0

I have a site with nginx, php-fpm, postgresql and pgbouncer and it was working for over a year now. Yesterday server went into not responding and after reboot it worked for 5 or 10 minutes and after that not responding and the same error message:

2017/04/04 15:32:37 [error] 2532#0: *31341 FastCGI sent in stderr: "PHP message: PHP Warning: pg_connect(): Unable to connect to PostgreSQL server: could not connect to server: Cannot assign requested address Is the server running on host "127.0.0.1" and accepting TCP/IP connections on port 6432? in /usr/share/nginx/html/lib/postgresql.class.php on line 21

I even reverted to last working config and it's still the same (when I start the nginx, it works for a minute or two an then above error).

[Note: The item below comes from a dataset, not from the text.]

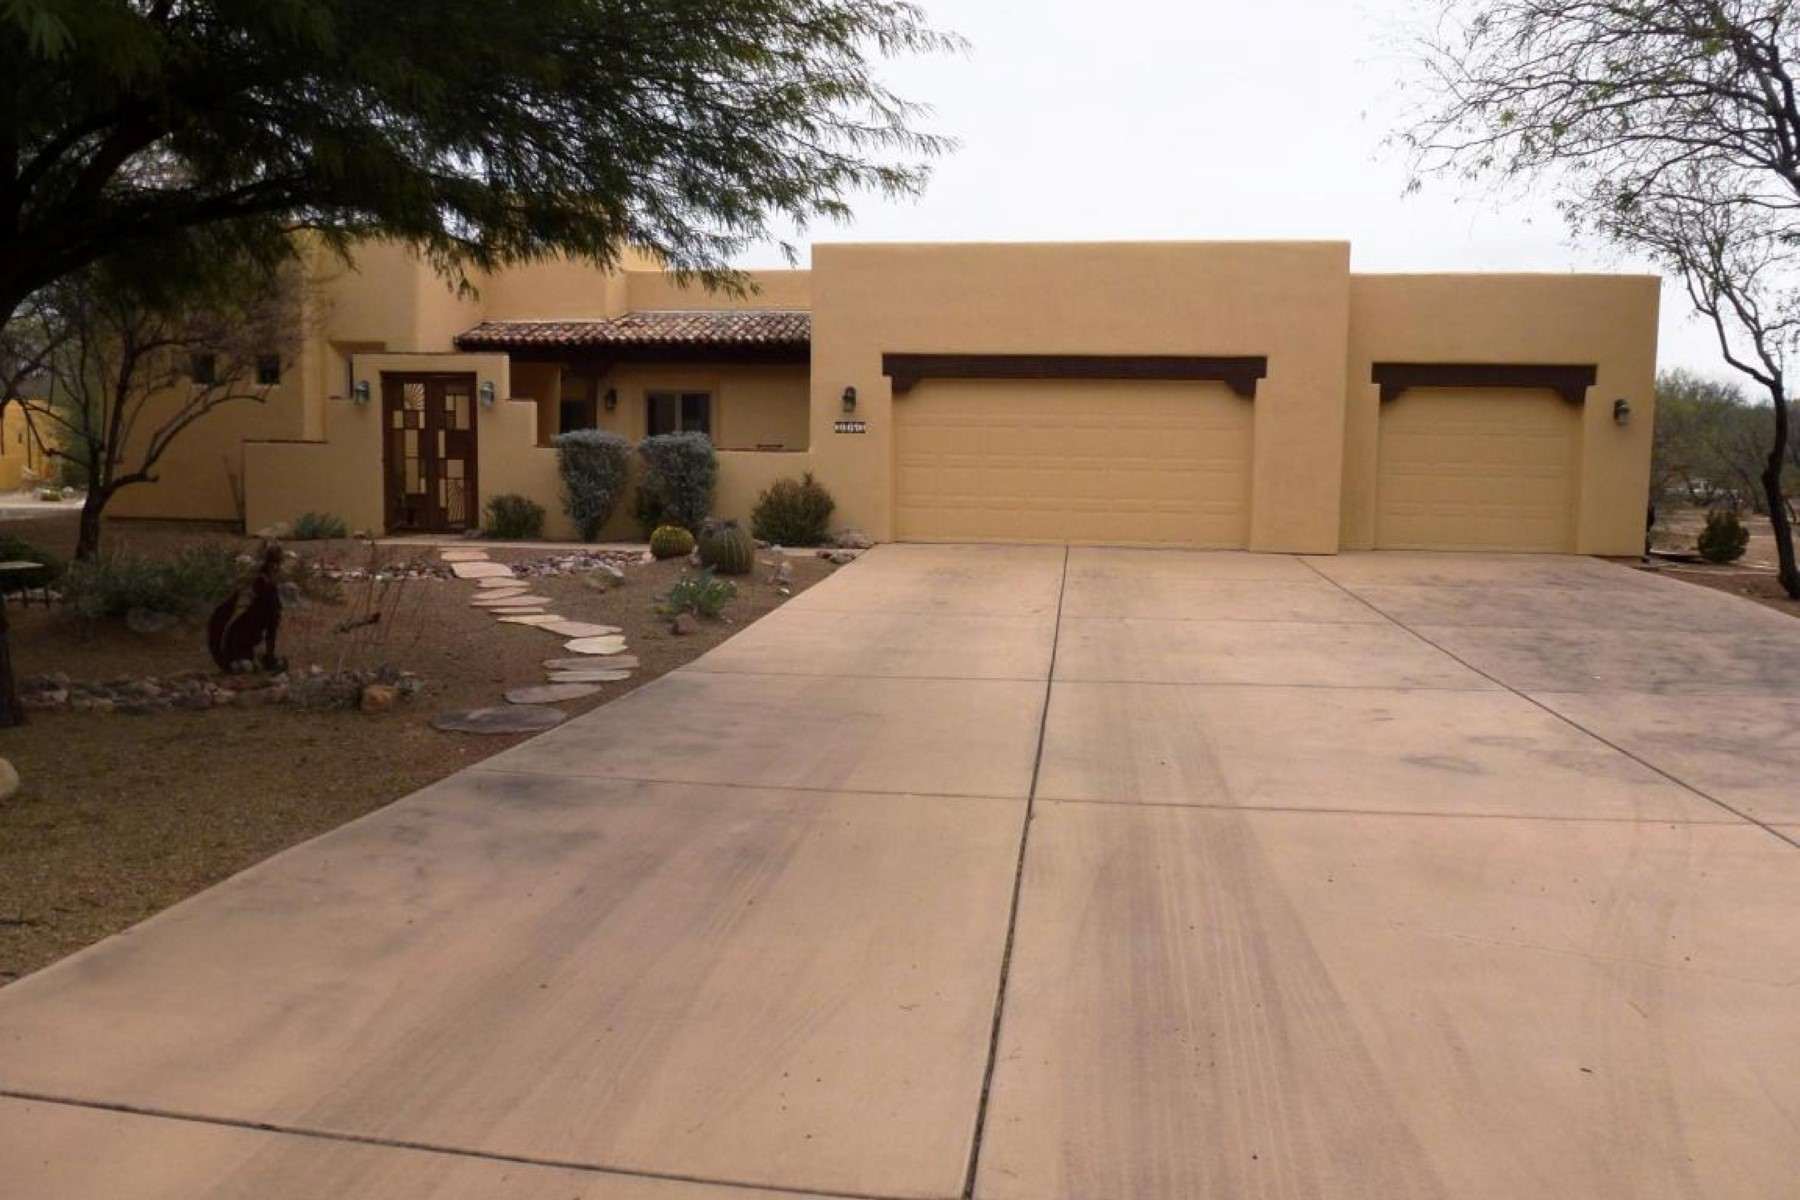 Single Family Home for Sale at Beautiful Dorn Hacienda on a rare lot 2163 Corte Bautista Tubac, Arizona, 85646 United States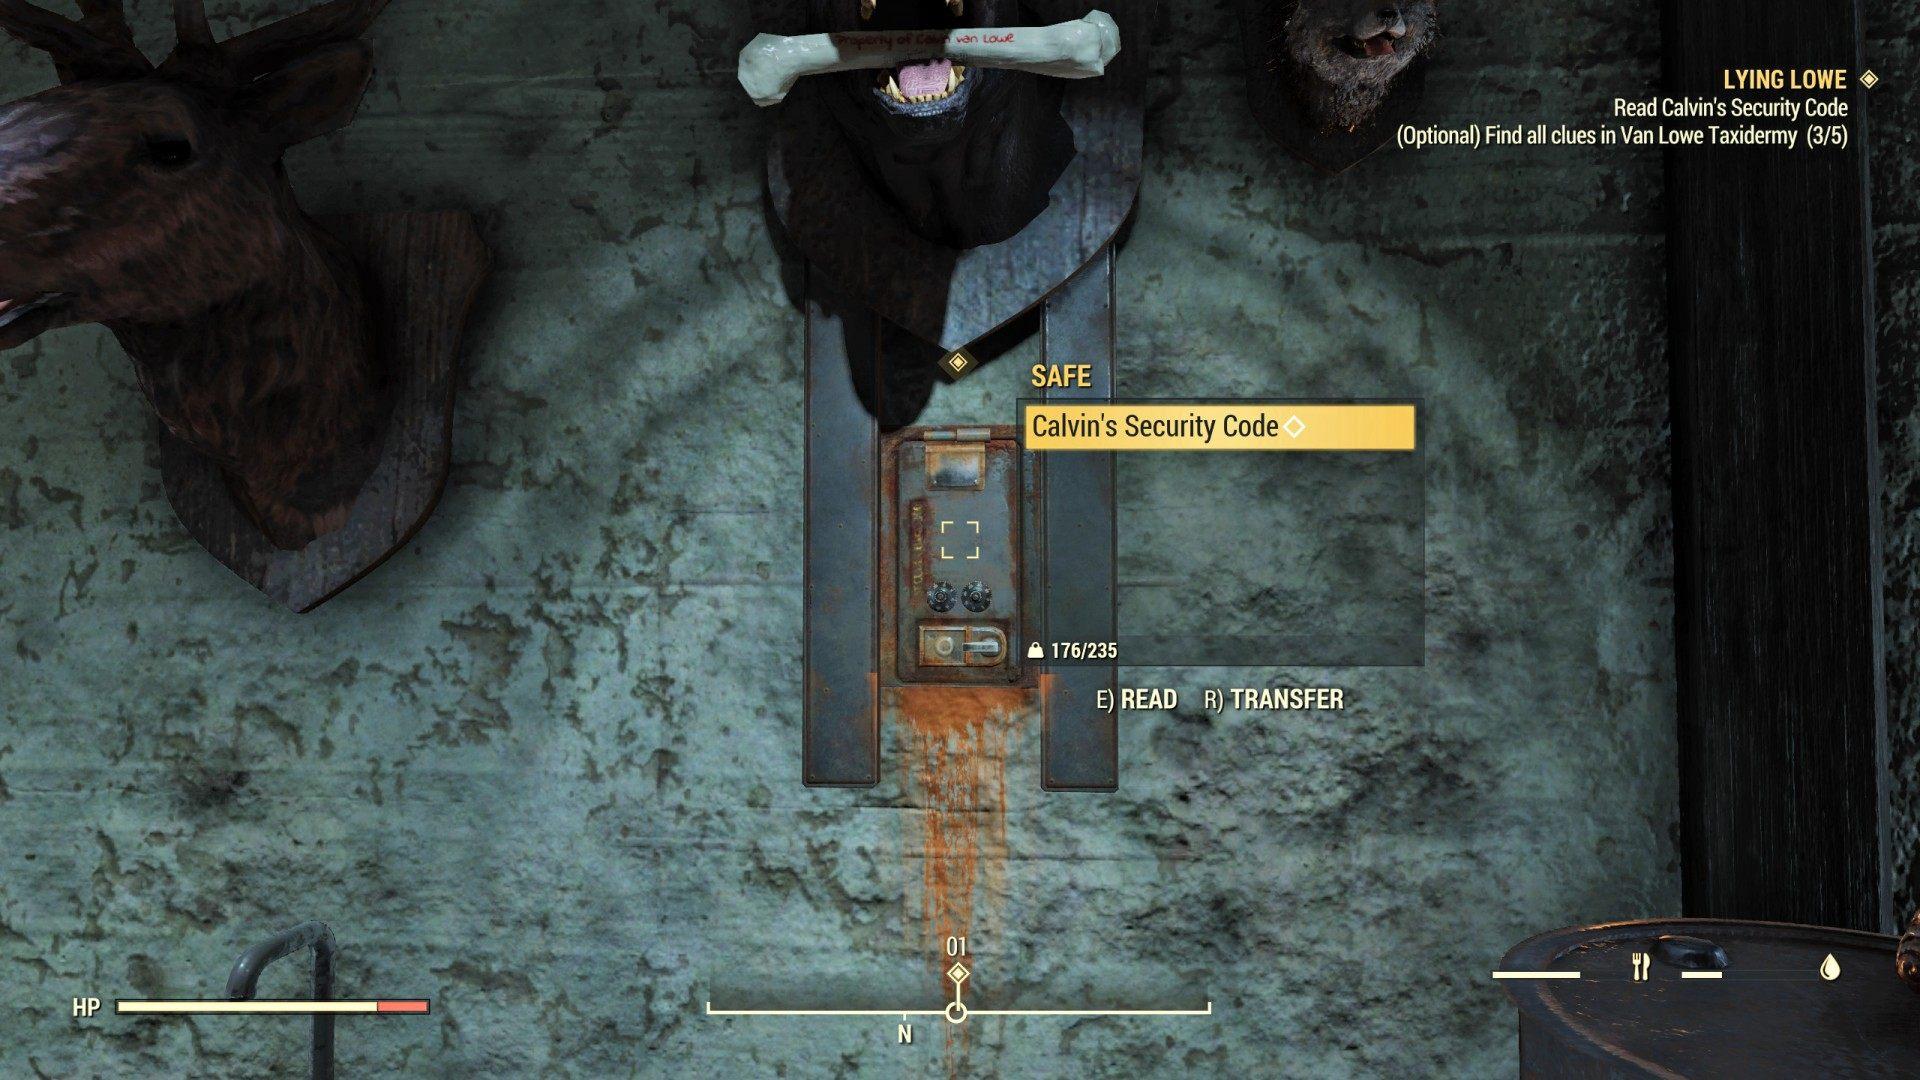 Lying Lowe Fallout 76 Quest

I checked php-fpm logs and I encountered following:

[04-Apr-2017 14:48:50] WARNING: [pool www] seems busy (you may need to increase pm.start_servers, or pm.min/max_spare_servers), spawning 8 children, there are 0 idle, and 24 total children

and

[04-Apr-2017 14:48:59] WARNING: [pool www] server reached pm.max_children setting (50), consider raising it

and in postgresql logs I found this:

HINT: Consider increasing the configuration parameter "max_wal_size".

I've changed following parameters so far

In php-fpm:

pm.max_childeren from 50 to 100
pm.start_servers from 5 to 10
pm-min_spare_servers from 5 to 10
pm-max_spare_servers from 35 to 100

In Postgresql:

mac_wal_size from 1GB to 2GB

And still no luck!!! what should I do?

Ehphan
  • 111
  • 2
  • 8

1 Answers1

2

You have few problems here. All of them are caused by lots of connections.

You need to add some kind of monitoring and check how many requests you're getting. When you'll have some numbers on hands you will be able to properly adjust all connections related settings for:

  • php-fpm
  • pgbouncer
  • postgresql
  • linux\OS

I've found a good answer for pgbouncer: https://dba.stackexchange.com/questions/59650/pgbouncer-works-great-but-occasionally-becomes-unavailable

I believe, this is the second(monitoring and lack of numbers is the first) missing part of solution for your problem.

In short - you now getting much more traffic then before and previously working configuration is not enough to handle it.